Is it ever quiet around your house? With teenagers and all of their friends coming in and out, a husband, a dog, a computer declaring “You’ve Got Mail” and the telephone, it is rarely quiet in my house. Organized chaos seems to be more the norm here.
I am very much a people person, so I used to hate the quiet. I am the one who thinks if two friends are fun, then twenty would be more fun. I love music and I would turn the radio on as soon as I got up in the mornings to catch the news and literally leave it on all day long without even thinking about it.
As many of you know, I’ve spent the last eighteen months writing a fiction book on the human sex trafficking of minors in Atlanta. After months of research and interviews, I spent countless hours alone at my computer working. In the process, I’ve come to love the quiet.

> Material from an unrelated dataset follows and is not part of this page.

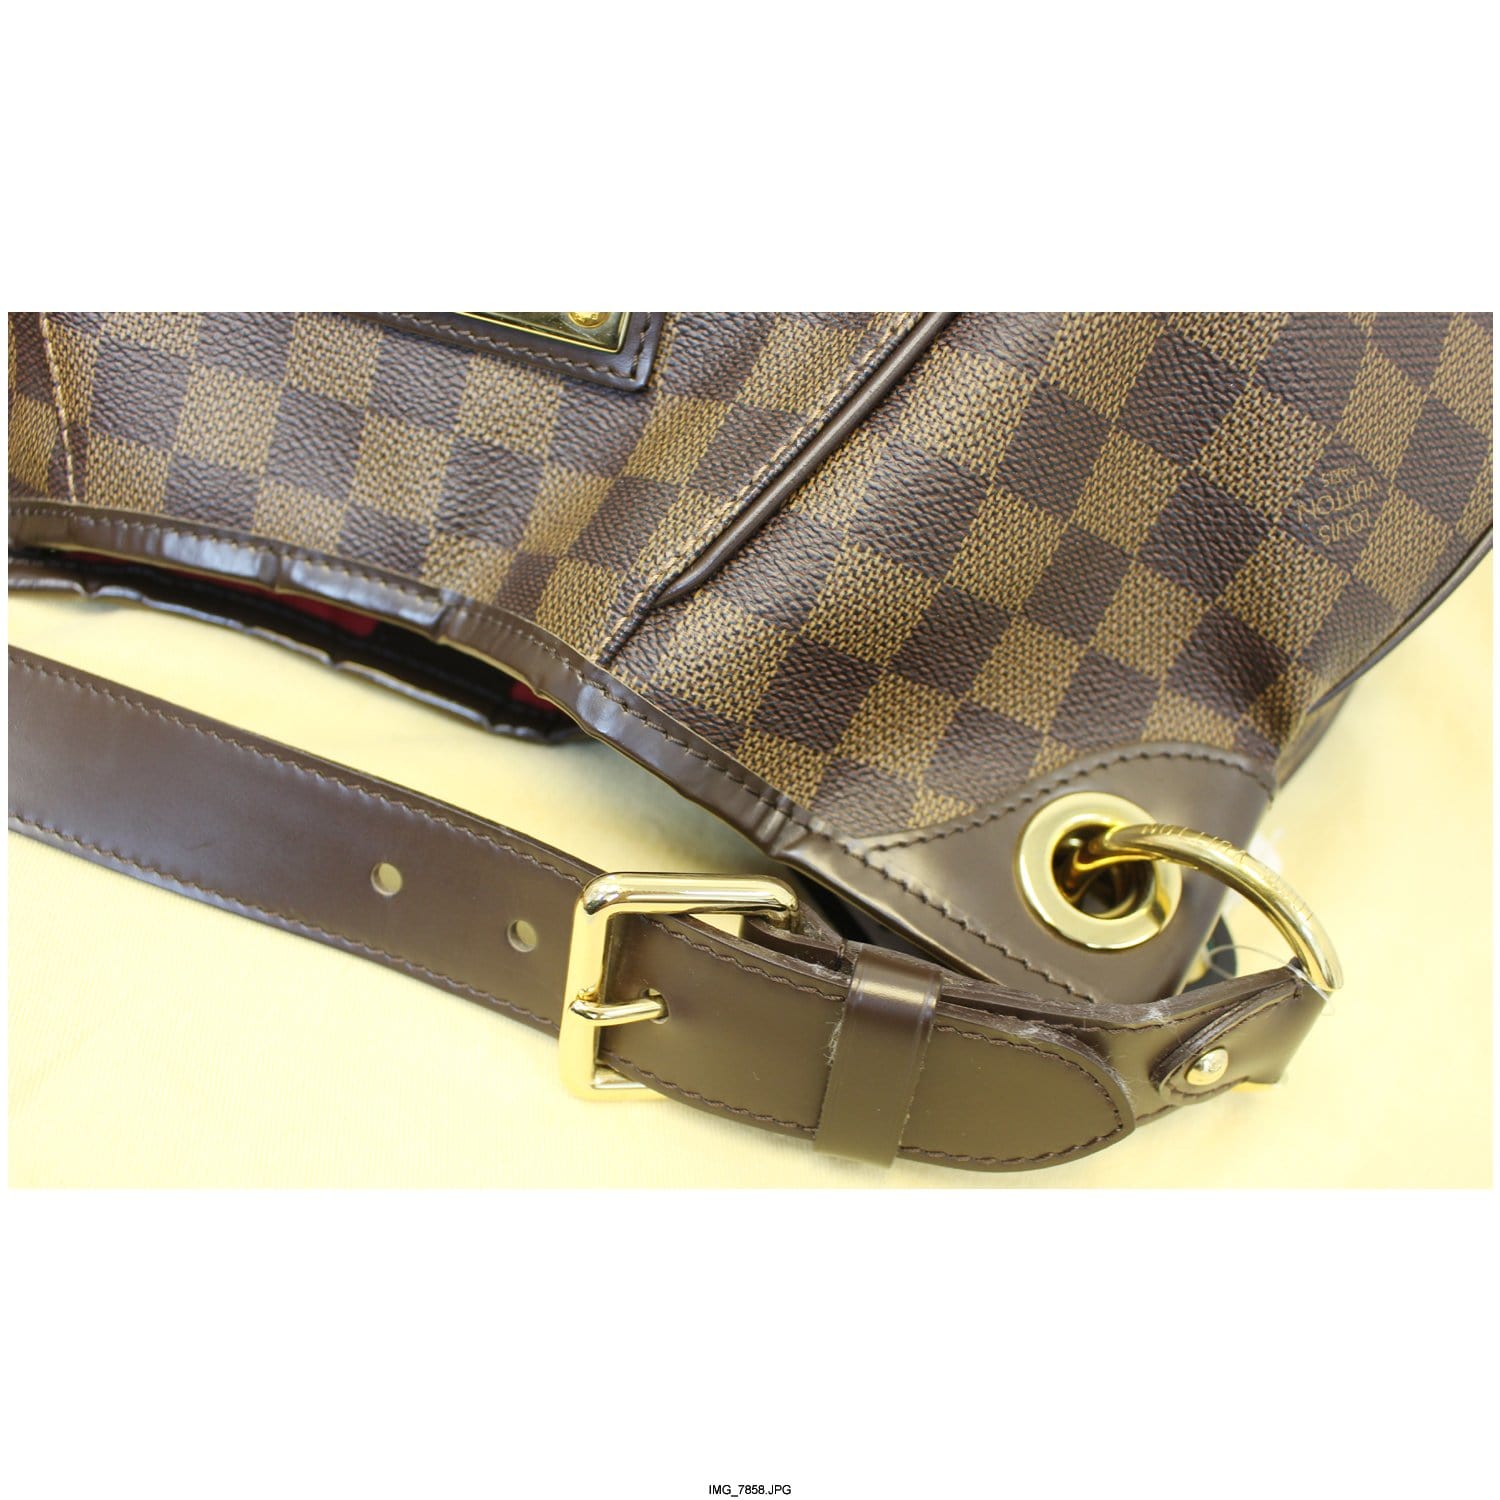 LV GALLERIA PM!!! Damier Ebene OR Damier Azur!! You pick which one you want  🙌🏻 Back on the Rack Upscale Resale Consignment is a reseller of authentic

It wasn’t easy, mind you. I fought the idea of quiet through these months. Once I said out loud to an empty room, “The quiet is hurting my ears.” However, in the process of forced quiet, I’ve come to fall in love with it. Don’t get me wrong, I still need some music blasting, kids yelling for something they need downstairs from upstairs and the telephone ringing off the hook, but if I don’t have a time of quiet in my day, something just seems off.
Quiet time….people of faith talk about a quiet time, but when you ask them what a quiet time is you get various responses like: “It’s a time when I put on worship music and get before Jesus.” Others have said “It’s when I read a devotional or do my Bible study.” All of those things are great and I do them myself, but that isn’t really quiet time. Quiet time is the absence of noise…the absence of distractions…the absence of voices, including your own. It is in the quiet that we hear the gentle whisper of God.
The LORD said, “Go out and stand on the mountain in the presence of the LORD, for the LORD is about to pass by.” Then a great and powerful wind tore the mountains apart and shattered the rocks before the LORD, but the LORD was not in the wind. After the wind there was an earthquake, but the LORD was not in the earthquake. After the earthquake came a fire, but the LORD was not in the fire. And after the fire came a gentle whisper. [1 Kings 19:11-12]
God is always speaking, but we aren’t always listening. We are distracted by our world and we miss Him quite often. Hearing God speak doesn’t have to be the exception. It can be the norm, but we must get quiet, which is more than just the turning the radio off. We must quiet ourselves before Him. Shhhhhh. Can you hear it? Are you listening?